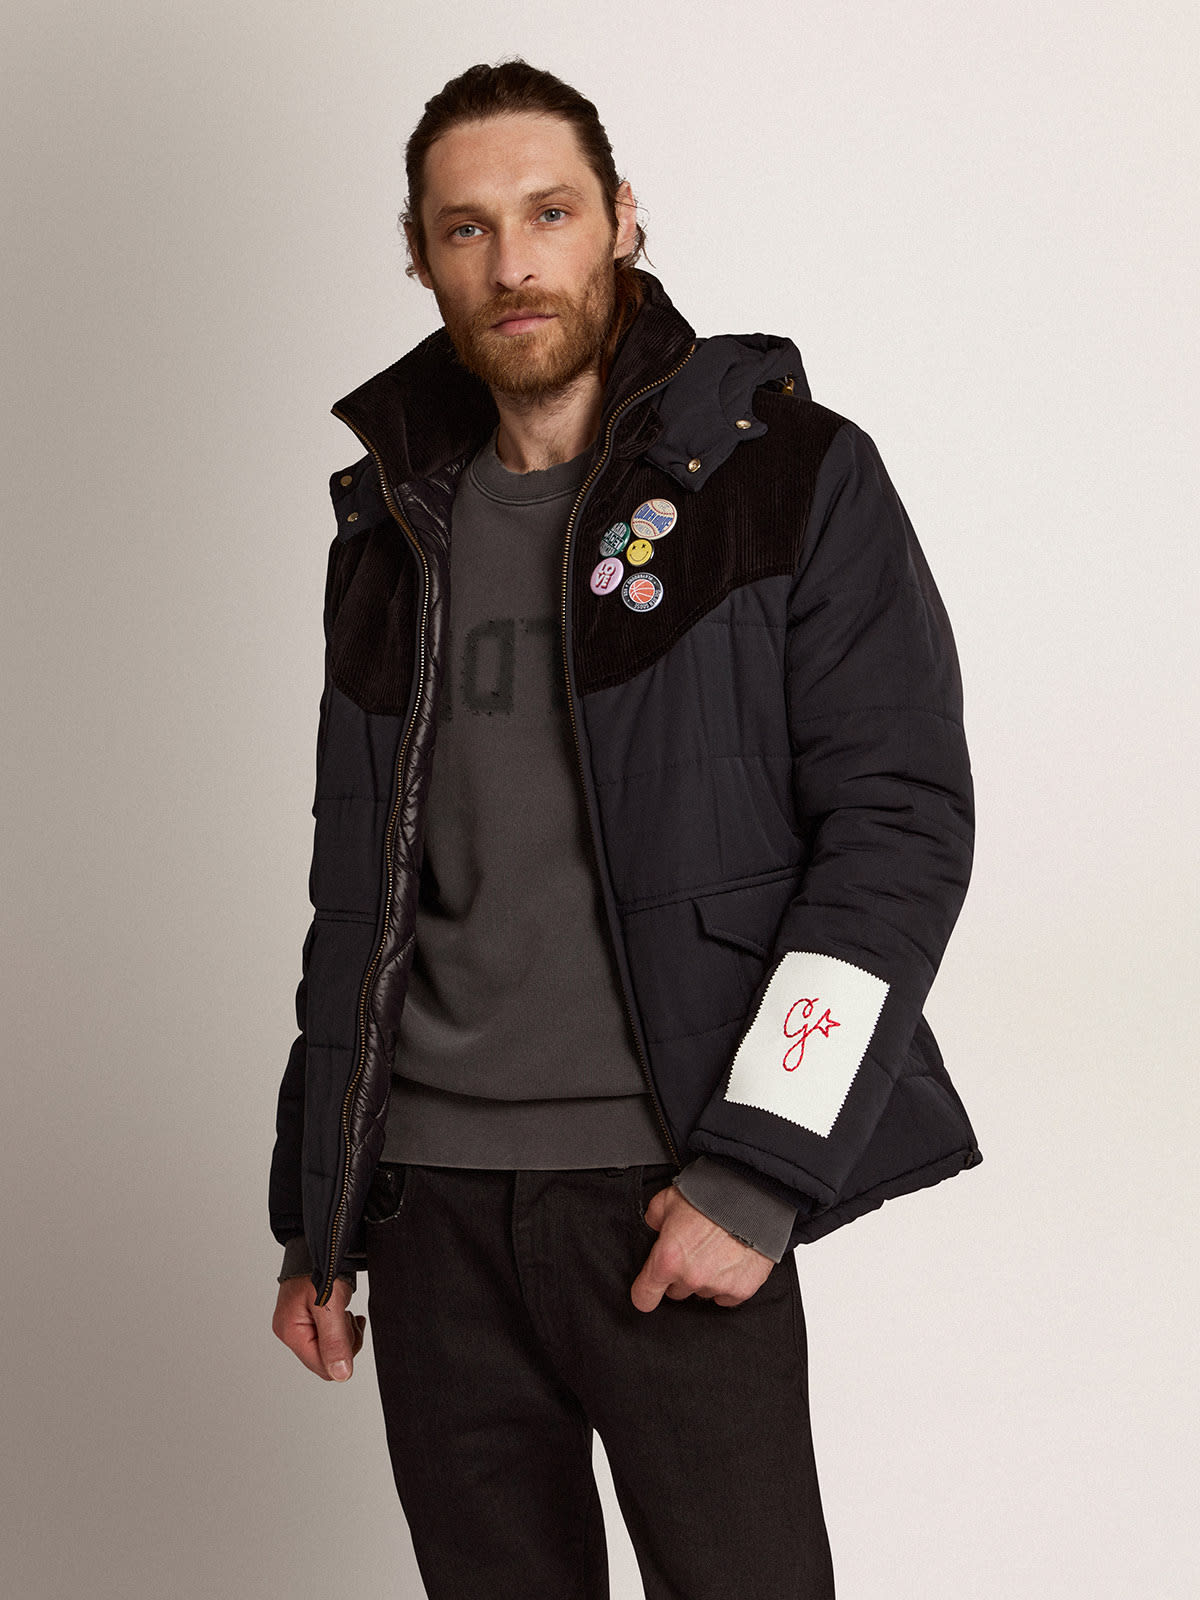 Golden Goose - Padded jacket in dark blue nylon and black cotton corduroy in 
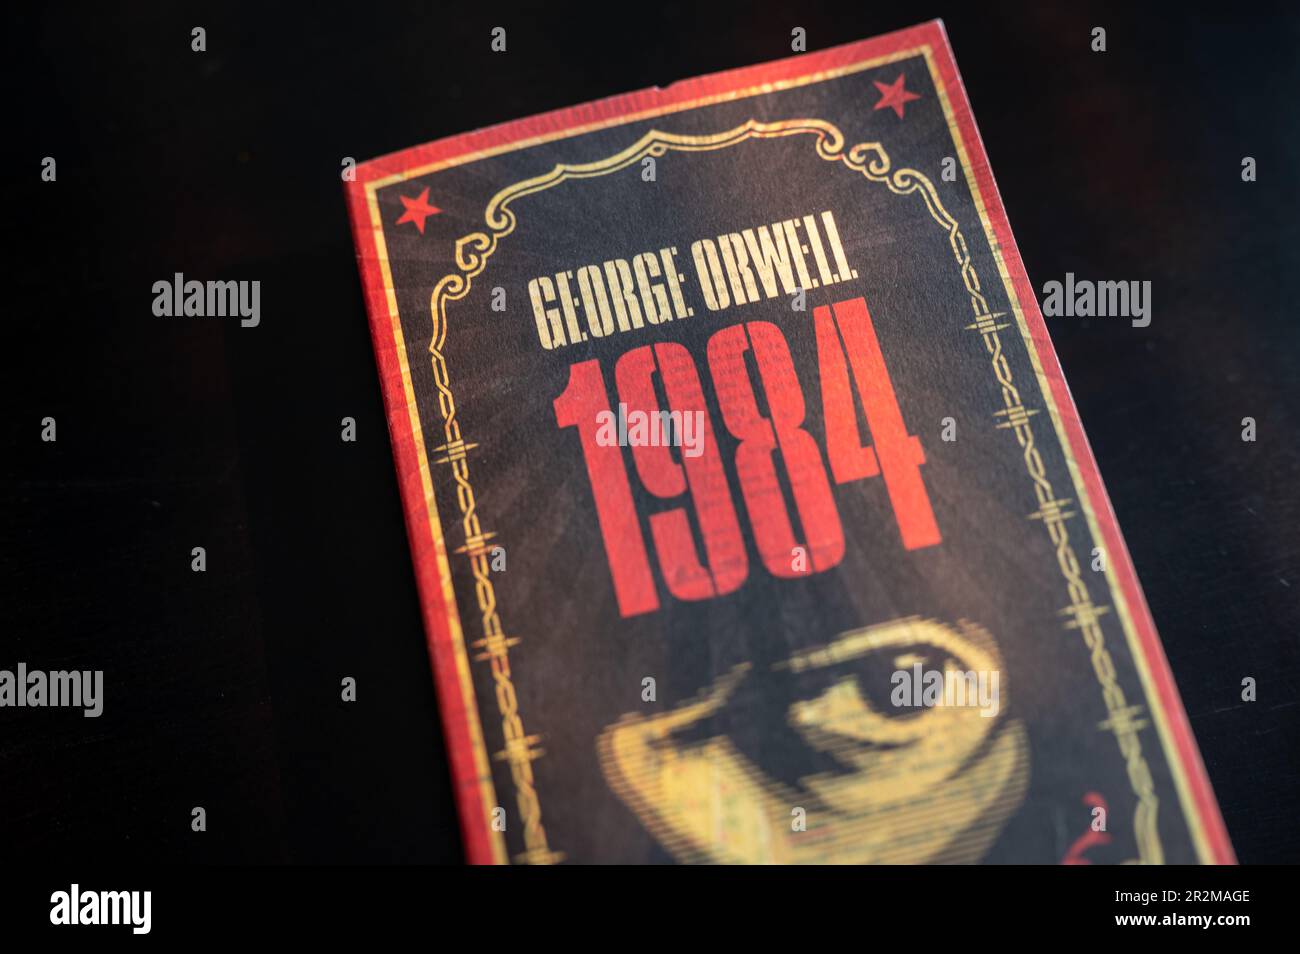 1984 george orwell book hi-res stock photography and images - Alamy
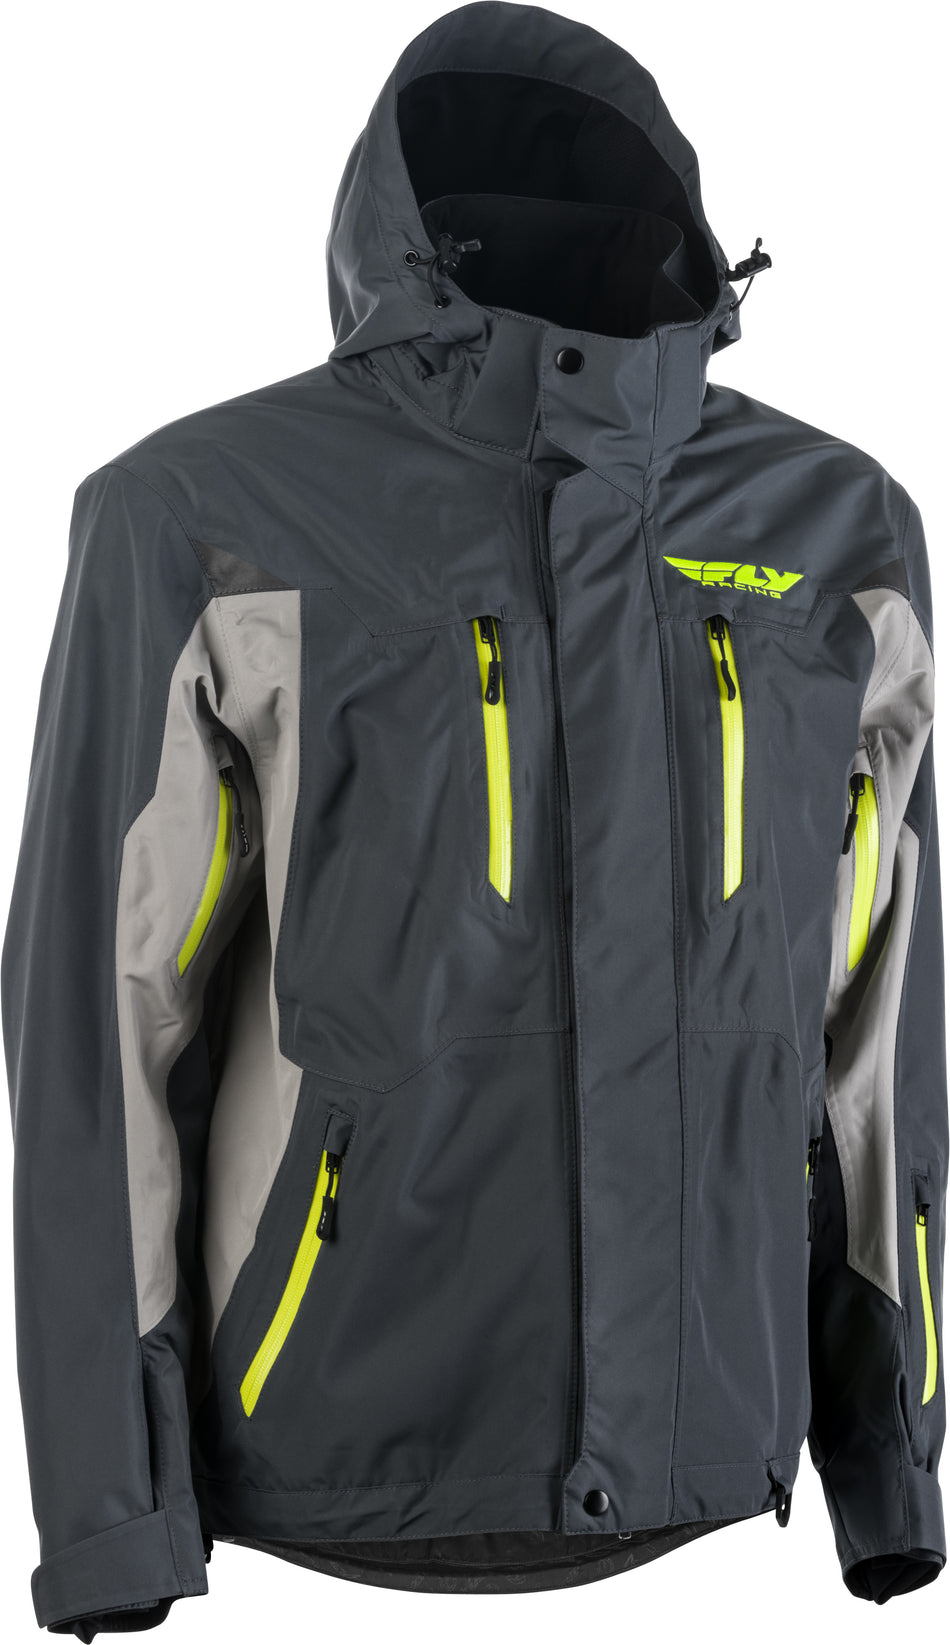 FLY RACING Fly Incline Jacket Grey/Charcoal 3x 470-41013X

## EXERCISE BRIEF
Every line above goes into your copy exactly; no images go in.

## PROBLEM SOLUTION
 Golden Goose - Padded jacket in dark blue nylon and black cotton corduroy in 
 1984 george orwell book hi-res stock photography and images - Alamy
 FLY RACING Fly Incline Jacket Grey/Charcoal 3x 470-41013X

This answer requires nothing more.